I want to get the database picture path so that i can used it and store the same file-name path in the image folder so both can be matched up. Actually i am using a unique-id so that pictures have unique names but don't know how to use it rightly. Any help would be appreciated.

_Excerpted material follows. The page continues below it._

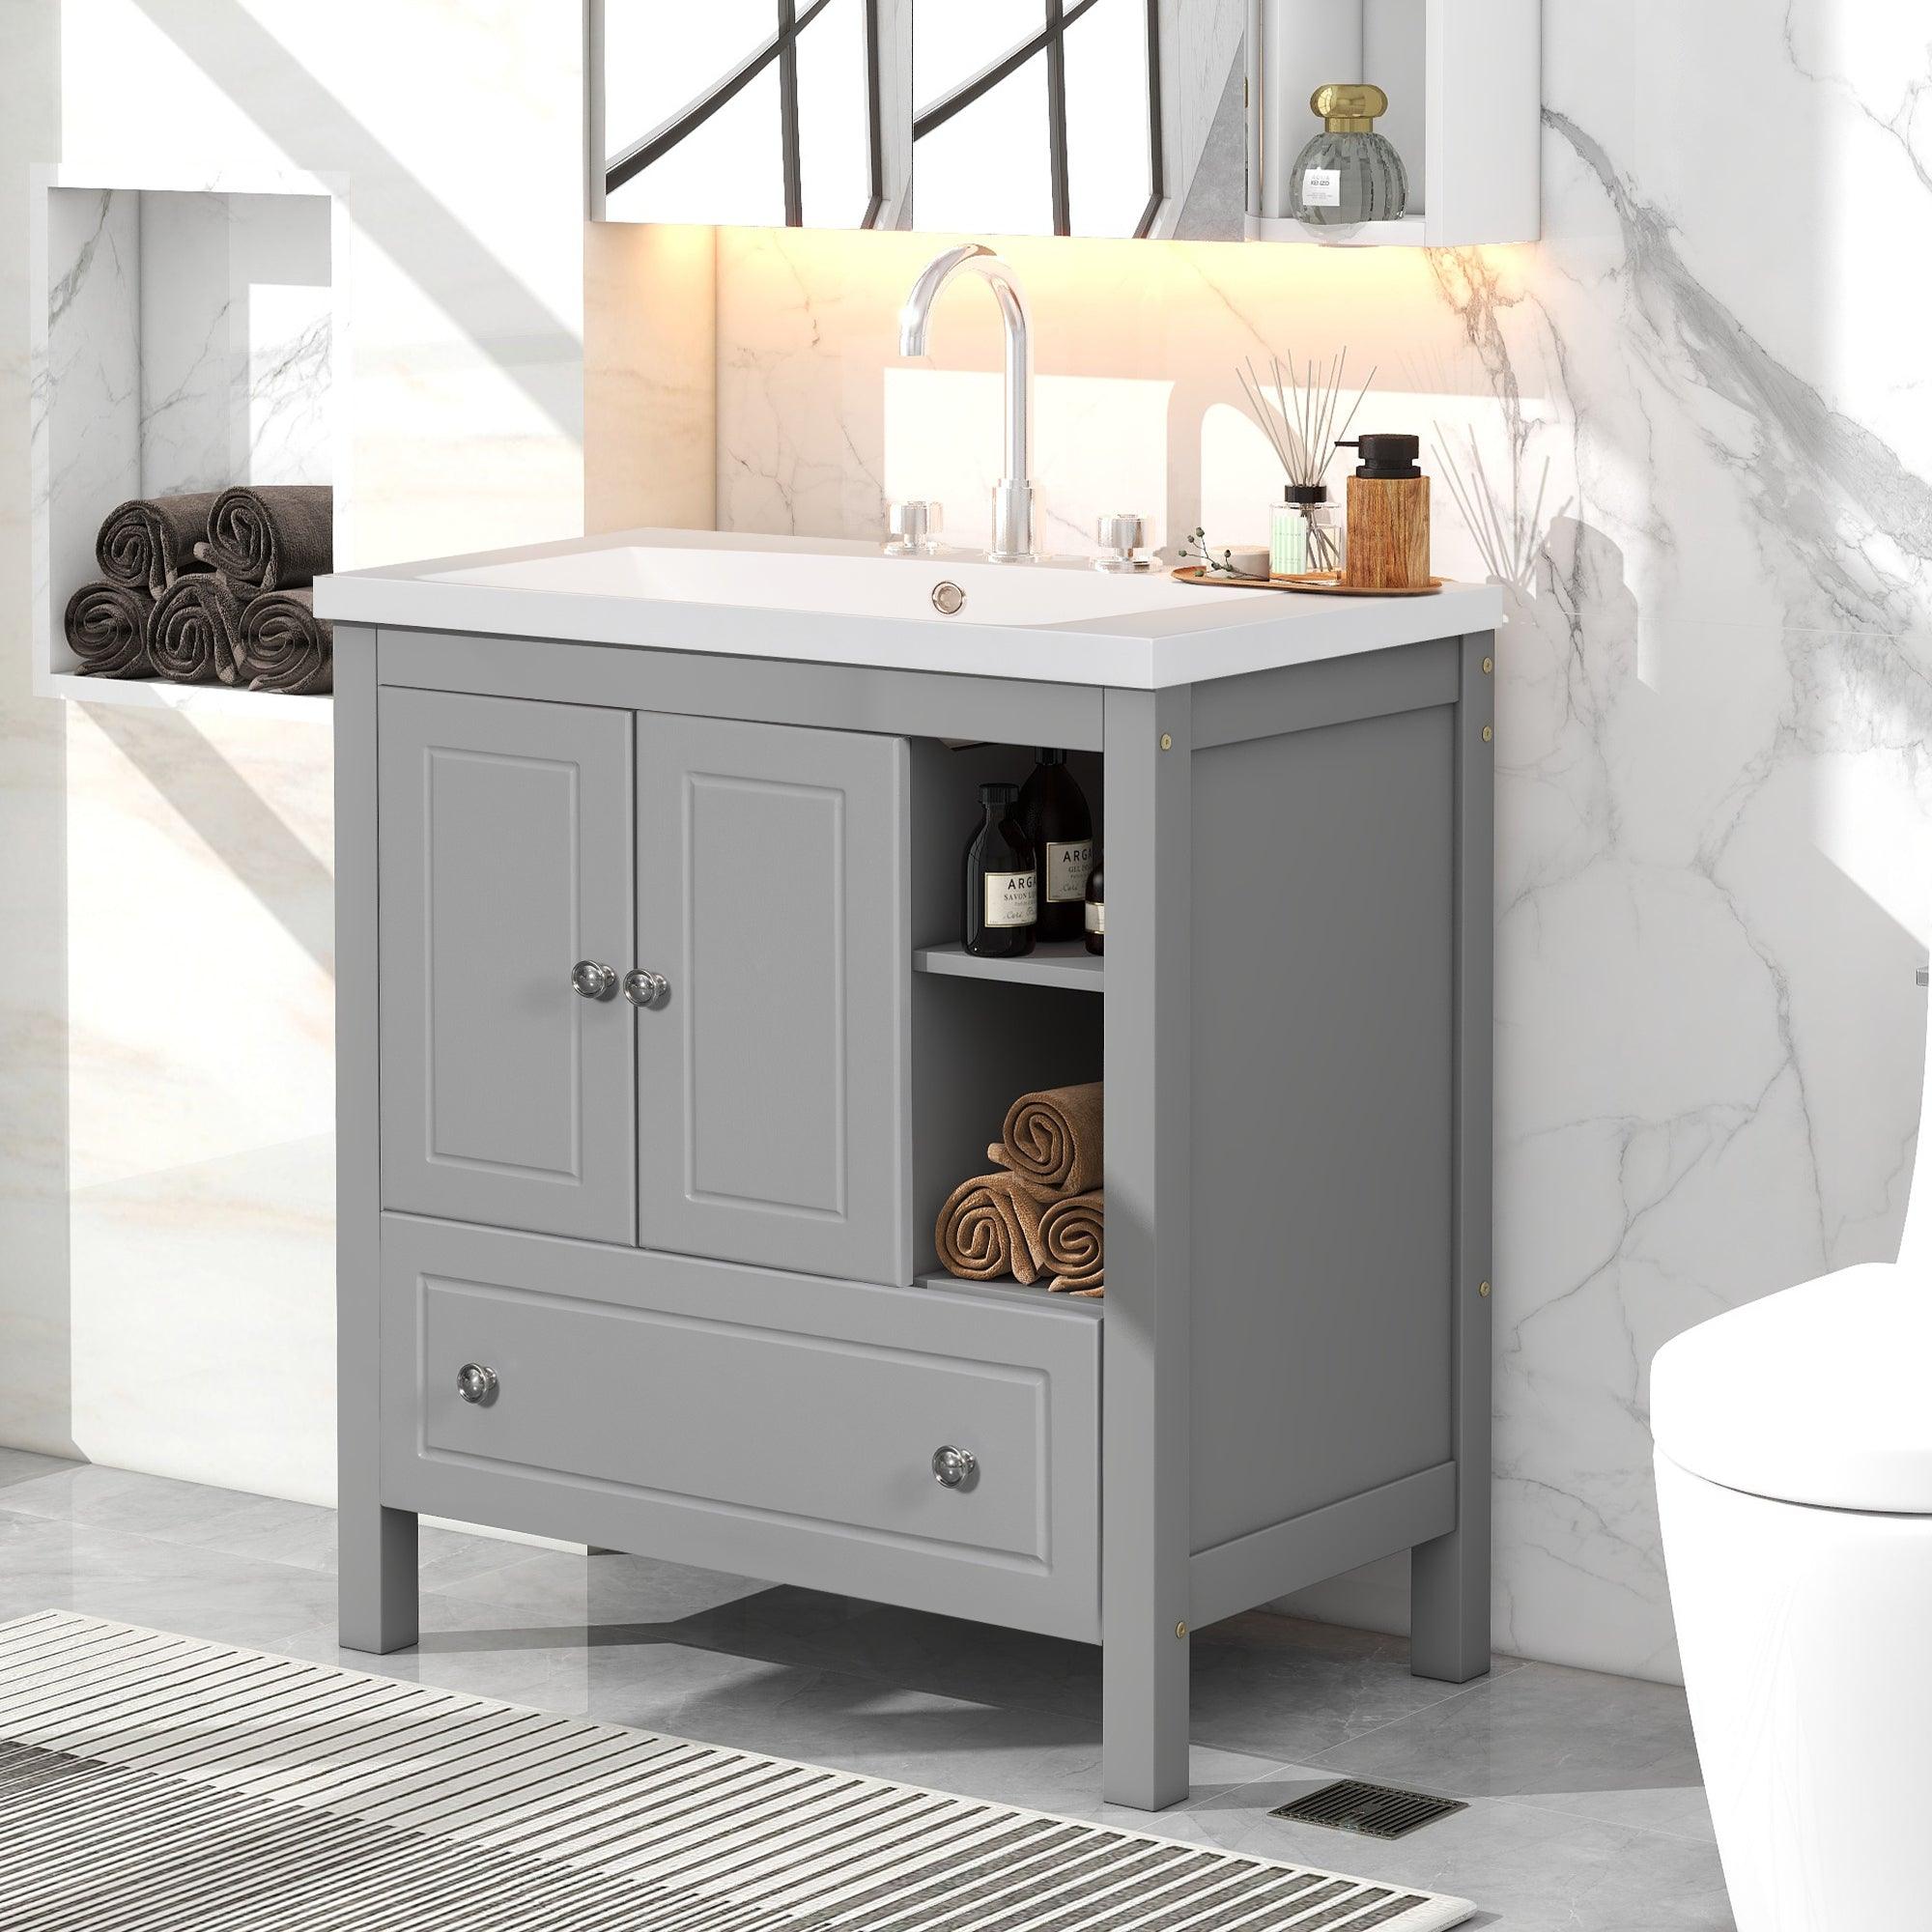 🆓🚛 30" Bathroom Vanity With Sink, Bathroom Storage Cabinet With Doors & Drawers, Solid Wood Frame, Ceramic Sink, Gray

$insert = "UPDATE USER_LOGIN SET PICTURE = '".uniqid().$_FILES['file']['name']."' WHERE USERNAME = '".$_COOKIE['username']."'";
$result = oci_parse($con, $insert);
// Executes a statement.
$check = oci_execute($result);
$UploadDirectory = '/wamp/www/img/Users/Users/'.$row['PICTURE'];
Working Solution:
if($row)
{
$Filename = uniqid().$_FILES['file']['name'];
$DirectoryPath = '/wamp/www/img/Users/Users/'.$Filename;
if(move_uploaded_file($_FILES['file']['tmp_name'], $DirectoryPath))
{
$insert = "UPDATE USER_LOGIN SET PICTURE = '".$Filename."' WHERE USERNAME = '".$_COOKIE['username']."'";
$result = oci_parse($con, $insert);
// Executes a statement.
$check = oci_execute($result);
if($check)
{
echo "Saved";
// Commit the changes to the table.
oci_commit($con);
}
else
{
// Rollback changes to table.
oci_rollback($con);
}
}
else
{
//die('error uploading File!');
}
}